Higher Education Gifts or Grants of Interest to African Americans

Here is this week’s news of grants or gifts to historically Black colleges and universities or for programs of particular interest to African Americans in higher education.

Livingston College, a historically Black college in Salisbury, North Carolina, has received a $1 million gift from an anonymous donor. The philanthropist has recently made four additional $1 million donations to the school. The gift will be used to enhance the college’s infrastructure.

A team of collaborators led by the University of Southern California Rossier School of Education has received a $442,340 grant from the American Institutes for Research to study the association between housing policies and school desegregation in Detroit, Michigan. The research project will explore the implementation of the Choice Neighborhoods initiative and its effect on school diversity and integration.

Spelman College, a historically Black women’s college in Atlanta, has received a $1 million grant from Google’s Cybersecurity Clinics Fund to establish the Spelman SPEAR (Security Plan, Education, Assessment, and Remediation). The program will provide students with hands-on learning opportunities in cybersecurity and AI through helping local businesses and organizations with their cybersecurity efforts.

The University of Maryland Eastern Shore has received a $600,000 grant from the United States Department of Agriculture’s National Institute of Food and Agriculture. The funding will support the historically Black university’s research into how commercial pet food transmits food-borne pathogens to humans.

The Department of Education at historically Black Winston-Salem State University in North Carolina has received a $1.25 million from the Office of Special Education Programs in the United States Department of Education. The funds will provide financial support and tailored special education training to 35 students pursuing a degree in early childhood education.

The Arkansas Natural and Cultural Resources Council has awarded a $2 million grant to the University of Arkansas Pine Bluff. The award will support the renovation of the historically Black university’s Hazzard Building. The historic building was the site of the 1958 Arkansas A&M College commencement ceremony, in which Dr. Martin Luther King, Jr. delivered the commencement address.

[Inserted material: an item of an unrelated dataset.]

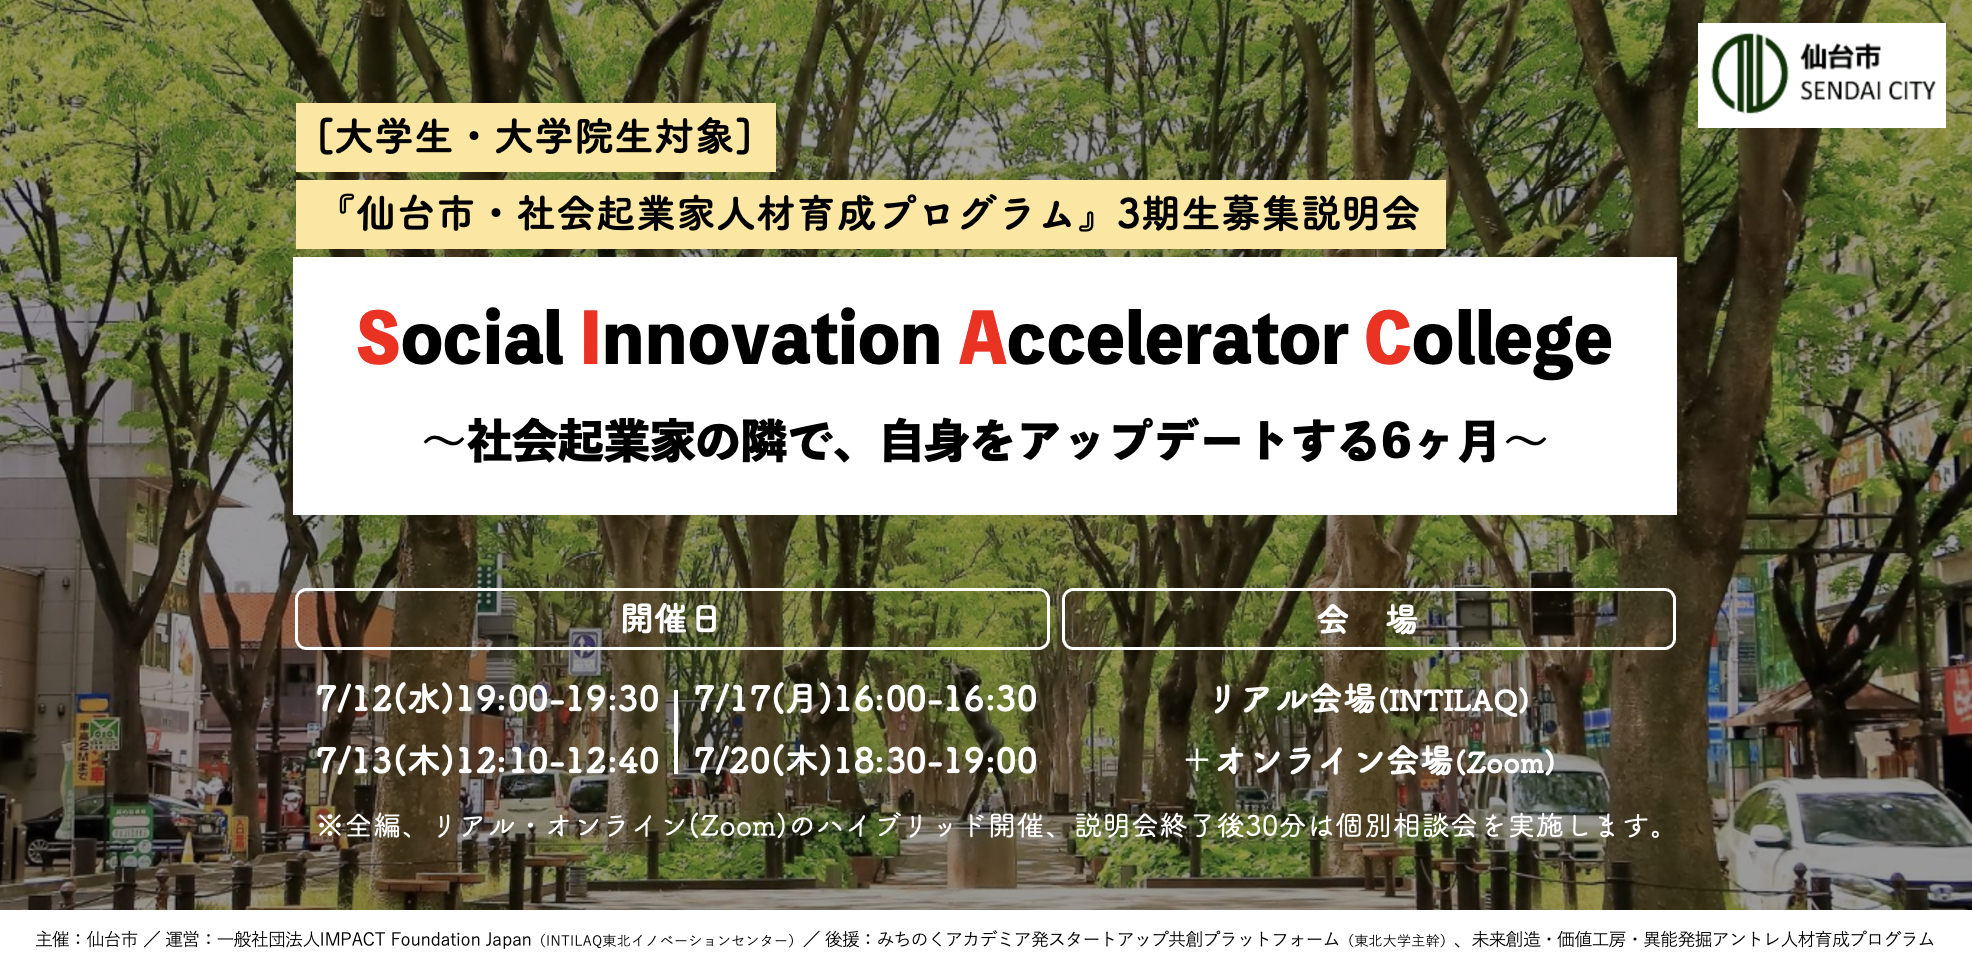 仙台市・大学生社会起業家人材育成プログラム「Social Innovation Accelerator College」募集説明会

Tashal Brown, assistant professor of urban education and secondary social studies at the University of Rhode Island, has received a $70,000 grant from the National Academy of Education to promote the representation of Black experiences in middle and high school social studies classes. The project will explore how United States schools neglect Black studies in their curricula in an effort to identify how to integrate critical race theory and Black history, culture, and literature into the classroom.